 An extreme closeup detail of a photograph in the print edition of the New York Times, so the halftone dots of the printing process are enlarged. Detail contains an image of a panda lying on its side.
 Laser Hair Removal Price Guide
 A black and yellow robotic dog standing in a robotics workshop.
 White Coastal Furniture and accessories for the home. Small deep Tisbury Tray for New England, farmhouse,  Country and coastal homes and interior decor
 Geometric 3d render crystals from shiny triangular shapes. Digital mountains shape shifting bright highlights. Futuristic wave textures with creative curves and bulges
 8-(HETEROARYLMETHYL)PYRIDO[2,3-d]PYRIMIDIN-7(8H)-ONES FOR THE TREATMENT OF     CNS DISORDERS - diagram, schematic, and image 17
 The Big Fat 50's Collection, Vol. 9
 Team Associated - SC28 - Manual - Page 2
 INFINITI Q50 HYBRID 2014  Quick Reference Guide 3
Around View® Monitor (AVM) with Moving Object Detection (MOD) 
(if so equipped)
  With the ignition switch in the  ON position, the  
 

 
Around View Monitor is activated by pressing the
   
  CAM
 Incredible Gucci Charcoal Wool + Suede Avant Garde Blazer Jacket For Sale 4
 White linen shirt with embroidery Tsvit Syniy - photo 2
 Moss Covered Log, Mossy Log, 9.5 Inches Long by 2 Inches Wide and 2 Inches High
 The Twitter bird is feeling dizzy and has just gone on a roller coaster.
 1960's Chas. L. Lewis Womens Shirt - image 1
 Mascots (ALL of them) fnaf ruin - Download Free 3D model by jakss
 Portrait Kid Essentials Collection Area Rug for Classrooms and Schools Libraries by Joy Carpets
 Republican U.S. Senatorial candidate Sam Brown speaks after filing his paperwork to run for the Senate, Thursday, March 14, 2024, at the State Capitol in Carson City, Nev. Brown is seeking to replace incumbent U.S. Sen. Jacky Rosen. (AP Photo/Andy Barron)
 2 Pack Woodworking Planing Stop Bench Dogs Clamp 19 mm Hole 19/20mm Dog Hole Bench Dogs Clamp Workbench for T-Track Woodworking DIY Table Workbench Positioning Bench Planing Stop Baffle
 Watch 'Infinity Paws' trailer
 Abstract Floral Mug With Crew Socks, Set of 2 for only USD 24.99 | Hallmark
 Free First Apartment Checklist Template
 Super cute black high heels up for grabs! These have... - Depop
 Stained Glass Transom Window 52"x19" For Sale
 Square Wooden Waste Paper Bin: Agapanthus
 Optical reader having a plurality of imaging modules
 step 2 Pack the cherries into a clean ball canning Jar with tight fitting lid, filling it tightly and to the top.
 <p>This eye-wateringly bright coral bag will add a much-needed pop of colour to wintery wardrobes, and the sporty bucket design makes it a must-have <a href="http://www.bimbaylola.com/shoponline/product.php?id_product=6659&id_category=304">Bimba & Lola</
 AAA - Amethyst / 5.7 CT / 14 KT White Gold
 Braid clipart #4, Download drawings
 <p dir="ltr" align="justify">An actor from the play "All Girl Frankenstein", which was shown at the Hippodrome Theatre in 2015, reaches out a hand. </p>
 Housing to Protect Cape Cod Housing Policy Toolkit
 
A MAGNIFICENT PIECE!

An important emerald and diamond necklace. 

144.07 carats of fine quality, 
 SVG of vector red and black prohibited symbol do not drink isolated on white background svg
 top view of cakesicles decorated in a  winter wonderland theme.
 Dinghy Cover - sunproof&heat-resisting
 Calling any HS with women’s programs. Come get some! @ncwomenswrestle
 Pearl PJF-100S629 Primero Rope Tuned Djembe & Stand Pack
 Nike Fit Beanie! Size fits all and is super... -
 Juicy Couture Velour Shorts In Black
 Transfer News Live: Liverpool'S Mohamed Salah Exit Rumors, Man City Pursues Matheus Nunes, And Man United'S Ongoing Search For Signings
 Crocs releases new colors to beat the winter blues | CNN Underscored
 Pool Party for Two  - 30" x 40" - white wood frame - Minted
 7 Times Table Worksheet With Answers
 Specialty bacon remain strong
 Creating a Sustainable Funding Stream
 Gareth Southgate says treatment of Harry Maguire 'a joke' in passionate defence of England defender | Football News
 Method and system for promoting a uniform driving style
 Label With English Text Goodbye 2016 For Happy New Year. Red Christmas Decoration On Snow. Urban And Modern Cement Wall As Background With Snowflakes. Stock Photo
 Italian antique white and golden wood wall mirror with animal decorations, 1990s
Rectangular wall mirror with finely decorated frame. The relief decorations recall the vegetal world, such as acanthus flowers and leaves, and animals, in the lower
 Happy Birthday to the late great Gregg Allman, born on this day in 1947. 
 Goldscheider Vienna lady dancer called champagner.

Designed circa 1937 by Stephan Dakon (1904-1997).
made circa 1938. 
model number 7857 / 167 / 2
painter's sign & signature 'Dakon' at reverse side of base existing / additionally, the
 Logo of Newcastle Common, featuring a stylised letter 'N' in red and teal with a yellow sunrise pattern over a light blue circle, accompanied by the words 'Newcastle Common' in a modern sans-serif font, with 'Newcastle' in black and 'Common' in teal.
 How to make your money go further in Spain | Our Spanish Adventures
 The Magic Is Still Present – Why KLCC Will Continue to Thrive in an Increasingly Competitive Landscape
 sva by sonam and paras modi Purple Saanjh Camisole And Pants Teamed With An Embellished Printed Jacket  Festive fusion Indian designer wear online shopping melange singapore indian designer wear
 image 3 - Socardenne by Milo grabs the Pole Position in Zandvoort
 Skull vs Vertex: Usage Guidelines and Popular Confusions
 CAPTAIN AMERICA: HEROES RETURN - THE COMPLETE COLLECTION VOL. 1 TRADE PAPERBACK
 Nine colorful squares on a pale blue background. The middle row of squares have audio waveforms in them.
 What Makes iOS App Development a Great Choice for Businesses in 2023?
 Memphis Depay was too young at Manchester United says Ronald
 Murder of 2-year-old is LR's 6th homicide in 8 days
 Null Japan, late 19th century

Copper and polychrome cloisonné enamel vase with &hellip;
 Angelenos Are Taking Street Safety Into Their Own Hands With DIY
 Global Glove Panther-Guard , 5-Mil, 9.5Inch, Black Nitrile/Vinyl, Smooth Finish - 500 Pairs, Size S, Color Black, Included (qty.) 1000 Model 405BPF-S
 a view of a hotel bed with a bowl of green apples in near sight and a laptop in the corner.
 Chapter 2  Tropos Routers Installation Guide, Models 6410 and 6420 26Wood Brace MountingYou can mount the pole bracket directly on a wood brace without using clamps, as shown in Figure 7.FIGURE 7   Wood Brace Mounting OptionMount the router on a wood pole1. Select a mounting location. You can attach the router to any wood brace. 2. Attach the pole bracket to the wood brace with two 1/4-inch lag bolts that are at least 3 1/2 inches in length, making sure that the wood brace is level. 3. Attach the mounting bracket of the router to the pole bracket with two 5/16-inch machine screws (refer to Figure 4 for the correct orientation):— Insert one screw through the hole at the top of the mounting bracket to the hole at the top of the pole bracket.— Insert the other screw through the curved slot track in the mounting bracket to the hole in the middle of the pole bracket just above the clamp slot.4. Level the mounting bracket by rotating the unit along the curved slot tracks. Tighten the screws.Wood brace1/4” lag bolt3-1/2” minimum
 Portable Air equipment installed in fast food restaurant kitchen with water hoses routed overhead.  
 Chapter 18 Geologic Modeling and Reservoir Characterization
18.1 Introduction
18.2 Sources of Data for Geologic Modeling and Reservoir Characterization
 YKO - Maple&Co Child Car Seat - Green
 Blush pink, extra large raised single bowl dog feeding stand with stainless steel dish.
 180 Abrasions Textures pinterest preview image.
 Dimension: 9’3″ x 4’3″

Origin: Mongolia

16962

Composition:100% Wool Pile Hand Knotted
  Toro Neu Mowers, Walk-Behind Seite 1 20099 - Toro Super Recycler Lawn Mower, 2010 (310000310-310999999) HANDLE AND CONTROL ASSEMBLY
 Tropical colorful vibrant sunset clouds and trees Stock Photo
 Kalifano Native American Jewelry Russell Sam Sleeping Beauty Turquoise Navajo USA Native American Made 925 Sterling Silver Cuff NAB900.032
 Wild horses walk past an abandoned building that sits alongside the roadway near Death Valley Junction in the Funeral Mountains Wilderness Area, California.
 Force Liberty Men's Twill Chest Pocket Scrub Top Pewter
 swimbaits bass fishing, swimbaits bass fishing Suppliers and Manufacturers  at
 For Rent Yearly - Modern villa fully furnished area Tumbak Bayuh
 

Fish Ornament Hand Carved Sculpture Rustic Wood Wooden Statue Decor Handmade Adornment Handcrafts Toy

※ ※ ※

EXERCISE AIM
For every line above with the word "yellow" in it, make a copy.

REPLY
 A black and yellow robotic dog standing in a robotics workshop.
 Logo of Newcastle Common, featuring a stylised letter 'N' in red and teal with a yellow sunrise pattern over a light blue circle, accompanied by the words 'Newcastle Common' in a modern sans-serif font, with 'Newcastle' in black and 'Common' in teal.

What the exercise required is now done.